# The Garden of Eden



## YoungOldUn (Apr 12, 2011)

After three weeks in the Garden of Eden, God came to visit Eve. 'So, how is everything going?' inquired God.

'It is all so beautiful, God,' she replied. 'The sunrises and sunsets are breathtaking, the smells, the sights, everything is wonderful, but I have just one problem.

It's these breasts you have given me. The middle one pushes the other two out and I am constantly knocking them with my arms, catching them on branches and snagging them on bushes. They're a real pain.'

And Eve went on to tell God that since many other parts of her body came in pairs, such as her limbs, eyes, ears, etc She felt that having only two breasts might leave her body more 'symmetrically balanced'.

'That's a fair point,' replied God, 'But it was my first shot at this, you know. I gave the animals six breasts, so I figured that you needed only half of those, but I see that you are right. I will fix it up right away.'

And God reached down, removed the middle breast and tossed it into the bushes

Three weeks passed and God once again visited Eve in the Garden of Eden..

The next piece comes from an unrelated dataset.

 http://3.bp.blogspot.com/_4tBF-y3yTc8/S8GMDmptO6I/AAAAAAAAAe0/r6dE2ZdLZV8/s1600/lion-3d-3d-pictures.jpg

'Well, Eve, how is my favourite creation?'

'Just fantastic,' she replied, 'But for one oversight. You see, all the animals are paired off. The ewe has a ram and the cow has her bull. All the animals have a mate except me. I feel so alone.'

God thought for a moment and said, 'You know, Eve, you are right. How could I have overlooked this? You do need a mate and I will immediately create a man from a part of you. Let's see....where did I put that useless Tit?'*

Now doesn't THAT make more sense than all that crap about the rib?


----------



## j8keith (Jun 26, 2009)

:lol: :lol:


----------



## bigdodge (Apr 22, 2012)

:lol: :lol:


----------



## NickG (Aug 15, 2013)

:lol: :lol: :lol:


----------



## jamman (May 6, 2002)

:lol:


----------



## brian1978 (Jul 10, 2013)

:lol:


----------



## basky (May 26, 2009)

:lol: :lol:


----------